A few insights on humanizing digital interactions using computer graphics…

Published in

Armilar Blog

12 min readDec 11, 2020

… and why Armilar invested in Didimo

By now we should all be familiar with expressions such as “software is eating the world” or “Artificial Intelligence is the new electricity”. More than just famous quotes, they illustrate the dimension of the digital revolution that is happening. From remote working using immersive collaborative tools, to socializing on social media and gaming platforms, we are in the process of “digitizing humans” giving birth to a new era of digital interaction.

But those digital interactions should not be devoid of “real-life” elements. Actually, they tend to be more effective the closer they are to real physical experiences. For example: (i) online fashion shopping is significantly enhanced if there is a virtual try-on process in which a realistic representation of the shopper and the garments is used; (ii) remote social interaction is more impactful if based on digital lifelike looking and speaking human representations.

What this means is that while we continue the process of digitizing humans, we are already feeling the need to “humanize” digital interactions. This humanization factor may be added through multiple dimensions according to the type of digital interaction. In an ultra-simplified model:

Human-to-human digital interactions (like social media, remote work teams …) are improved by the use of realistic representations of humans, objects and scenarios;
Human-to-machine digital interactions (like digital customer care, gaming …) benefit from using both realistic representations and intelligent, emotionally aware, computer agents.

Easier said than done … the introduction of any humanizing dimension in a computer system is a really complex technical challenge, which ends up constraining many market opportunities. Let’s try to understand why this is the case by focusing on one of the most relevant and impactful dimensions of humanization: generating realistic representations of human faces (aka lifelike avatars).

Why is it so difficult to create a lifelike avatar?

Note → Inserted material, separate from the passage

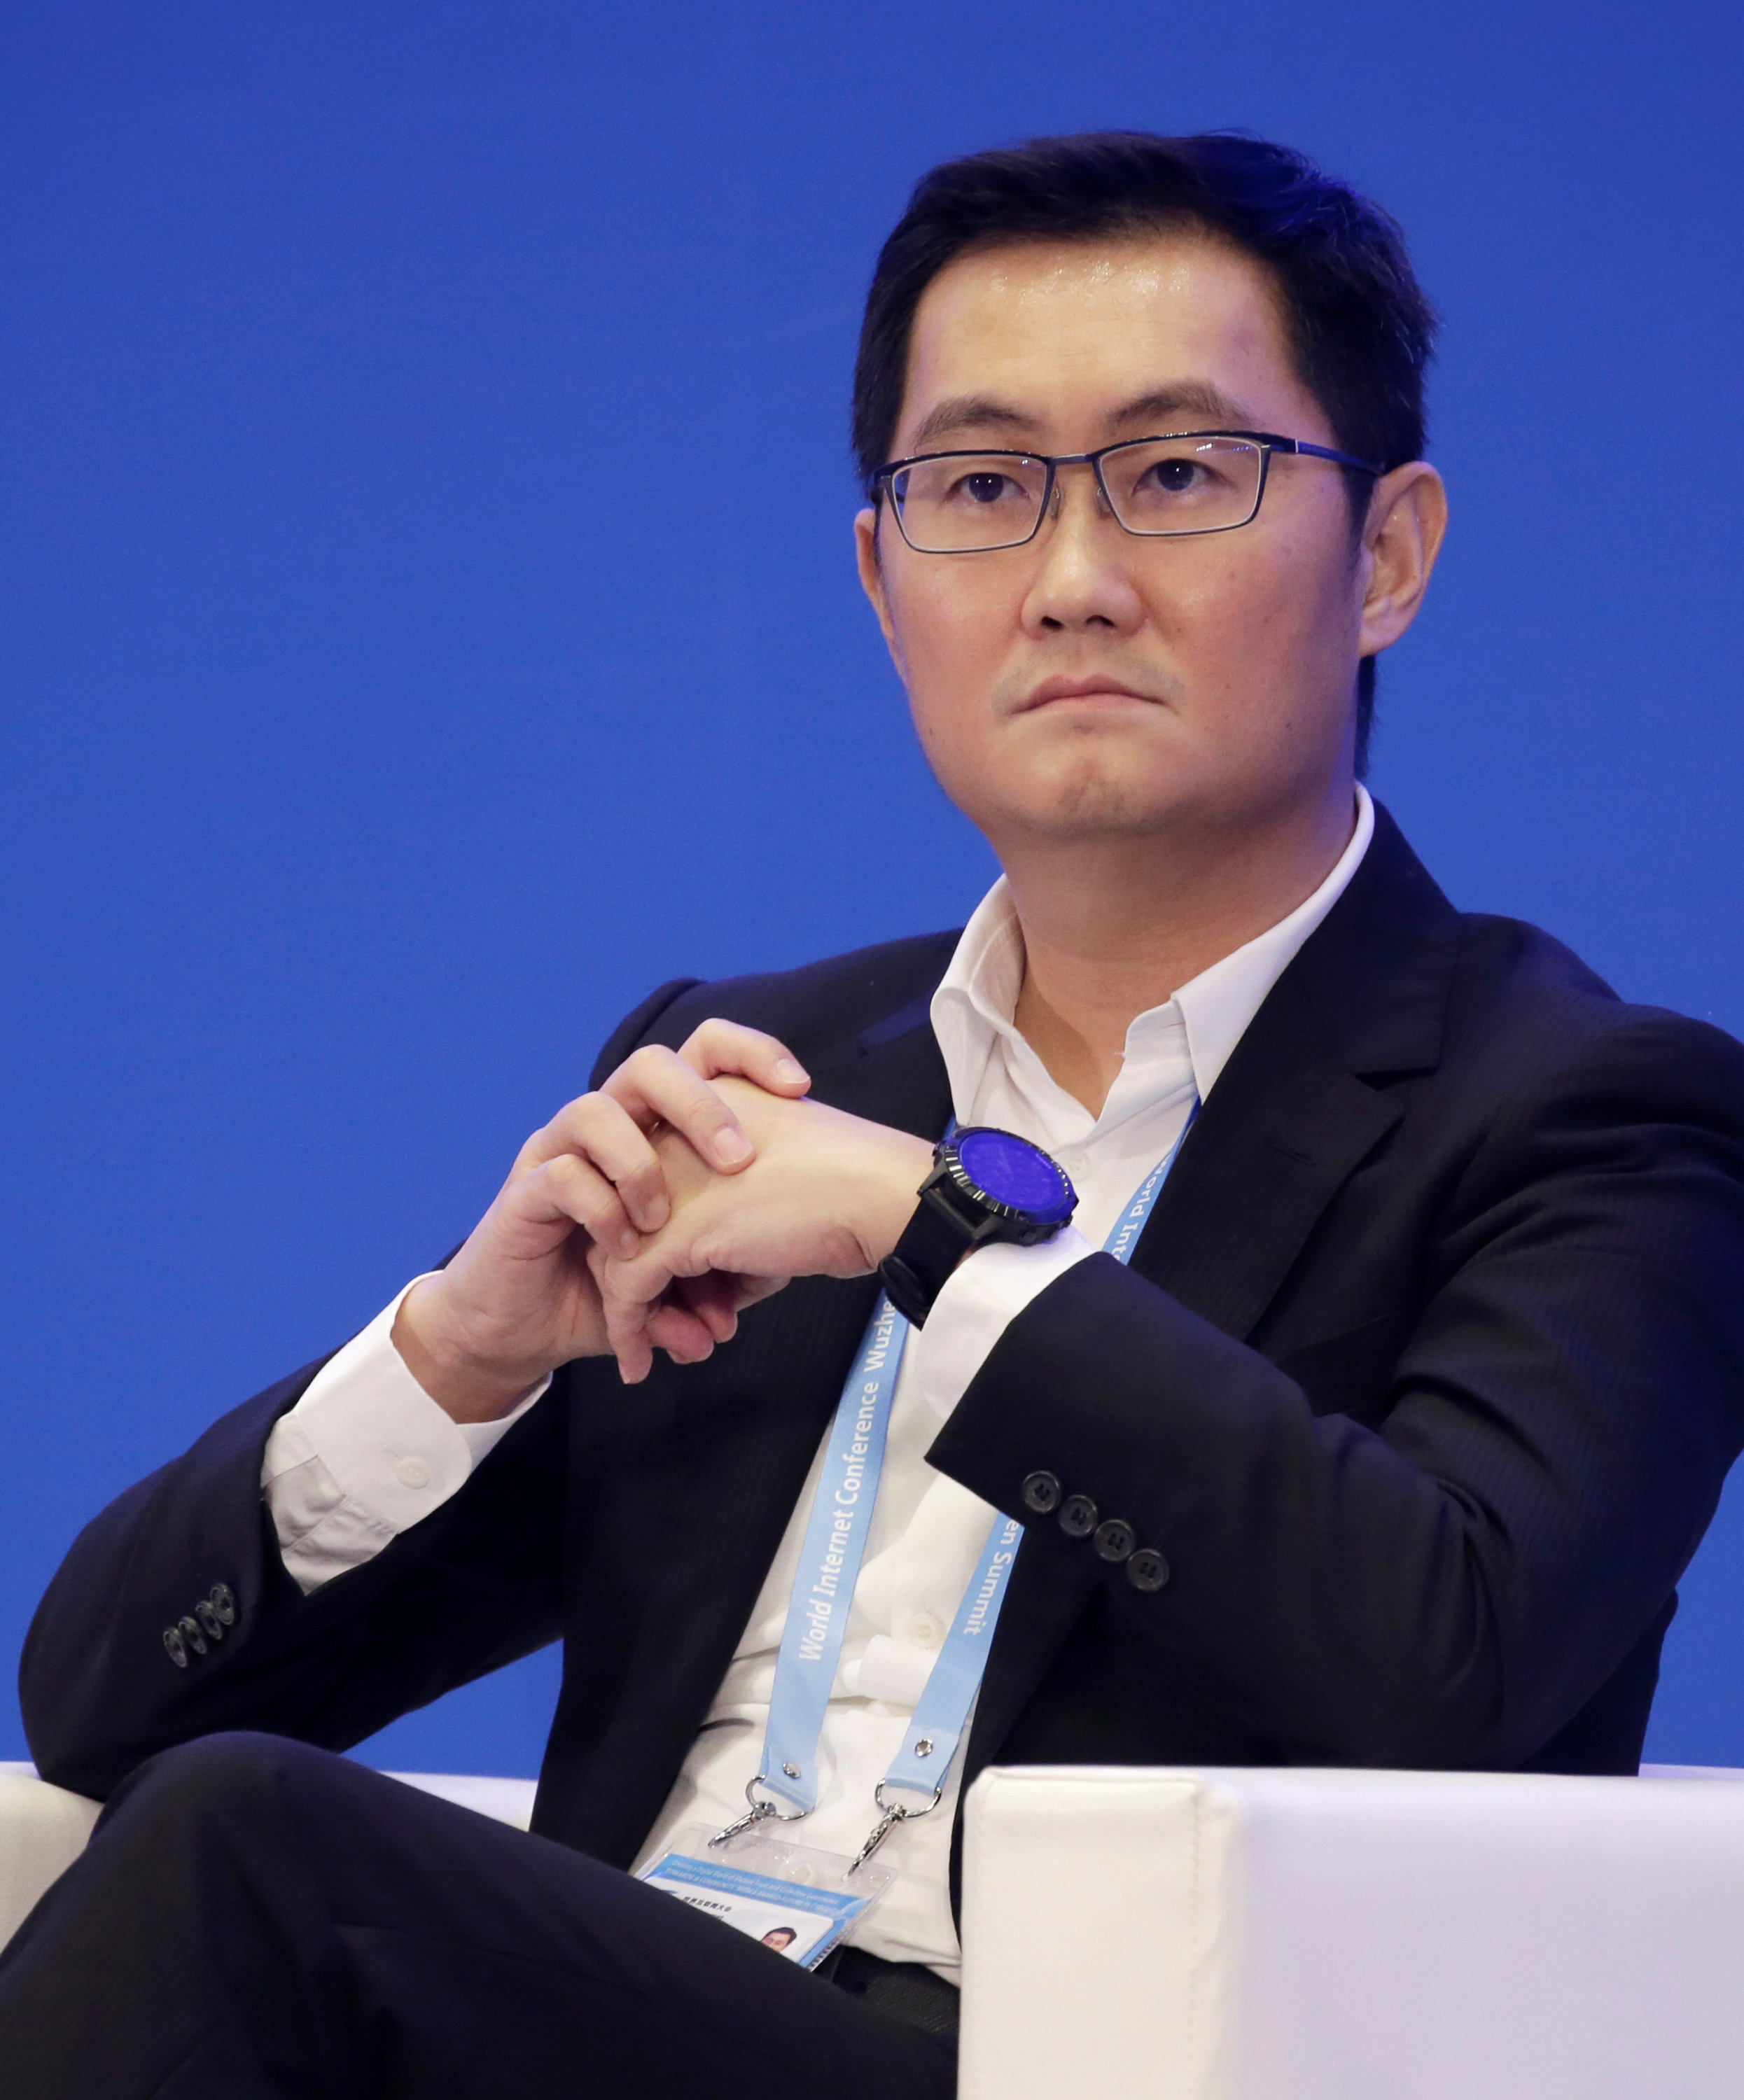 Tencent Holdings CEO Pony Ma wants to develop AI tech that promotes human well-being. Photo: Reuters  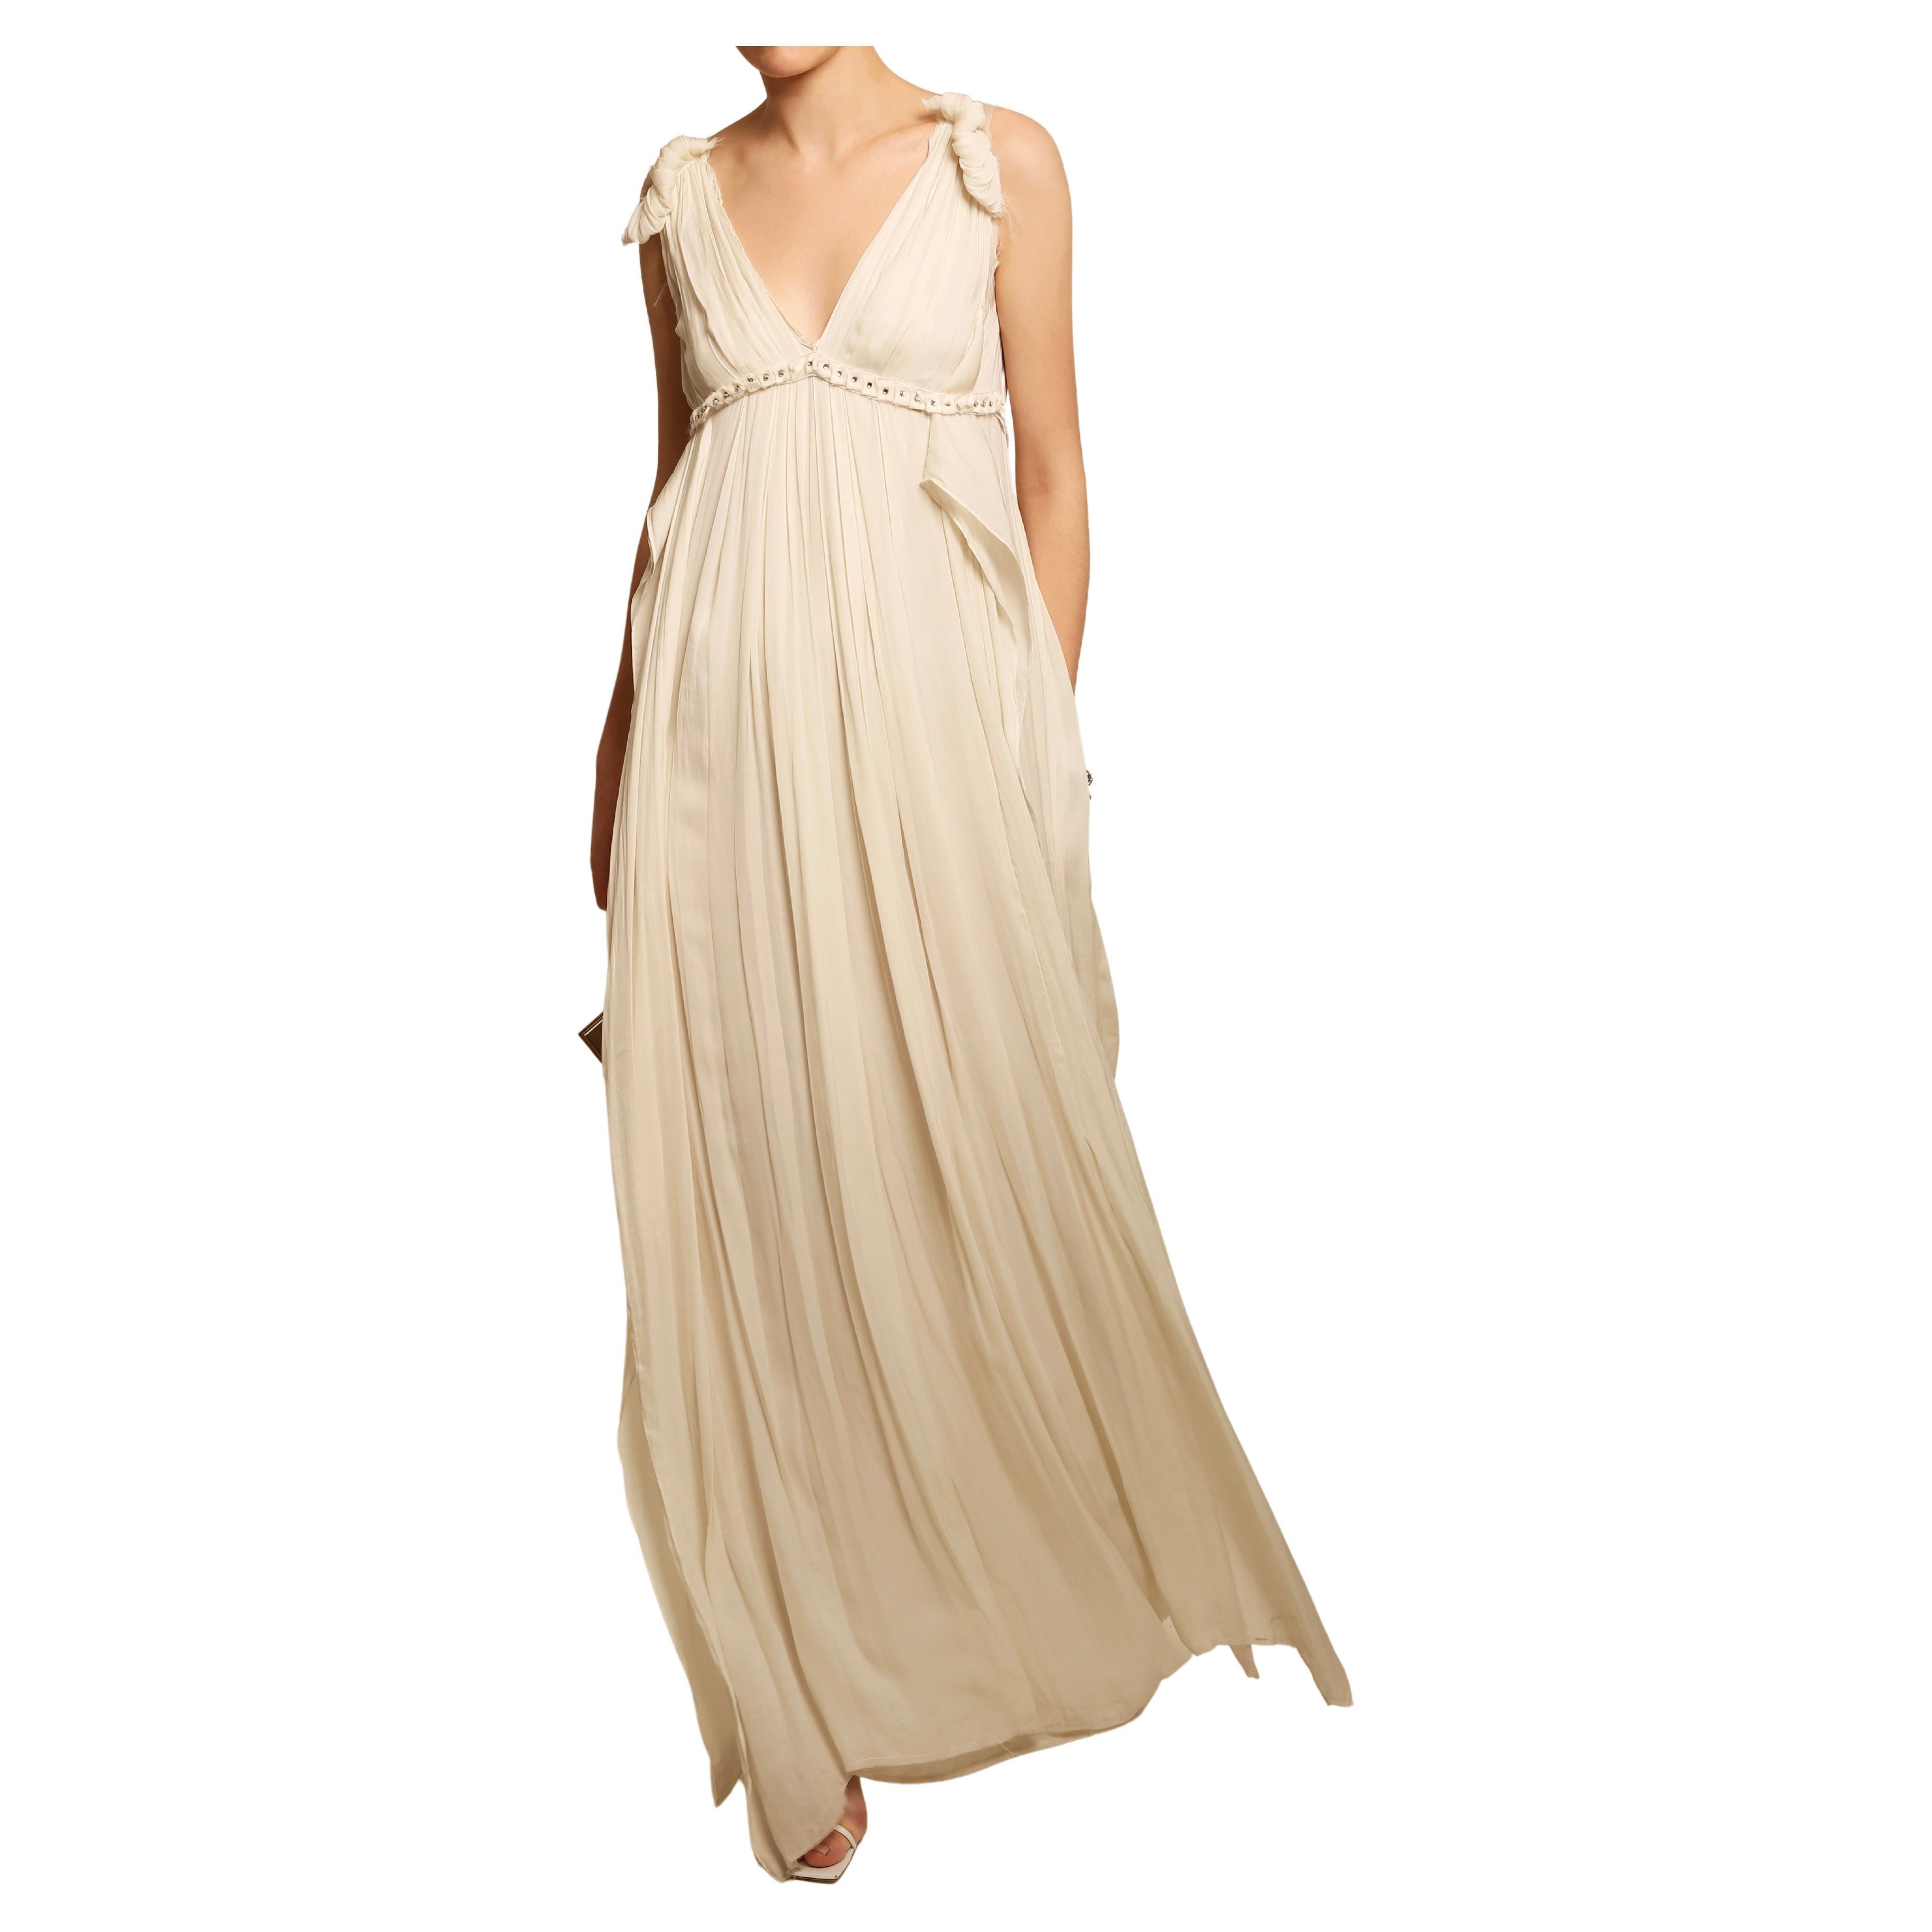 white grecian gown

Moving from a picture or video of a real human face and building a lifelike animated 3D avatar requires the use of complex Computer Graphics (CG) techniques with 2 current fundamental challenges: (i) achieving realism requires significant manual work and the use of a complex sequence of compute-intensive algorithms; (ii) the execution of those CG algorithms is bounded by finite computational resources and an execution window, forcing trade-offs.

Challenge 1: Manual dependency and the use of complex compute-intensive algorithms

Generating and animating a lifelike looking avatar face requires the execution of a CG pipeline with 3 major steps, as summarized in the chart below.

It all starts with a media equipment (2D, depth or high-resolution camera…) capturing initial data (photo, scan, video) of the face being digitized. With this data, a point cloud (spatial data points associated with the person’s facial anatomy) is created. As with any input to a process, the “quality” of this point cloud is of great importance … and by quality we mean resolution (number of points), detail (information per point) and the lighting conditions. Even though depth cameras (providing richer resolution and detail) are emerging fast, the market today is still dominated by standard resolution 2D cameras, being an immediate constraint to the “quality” of the input.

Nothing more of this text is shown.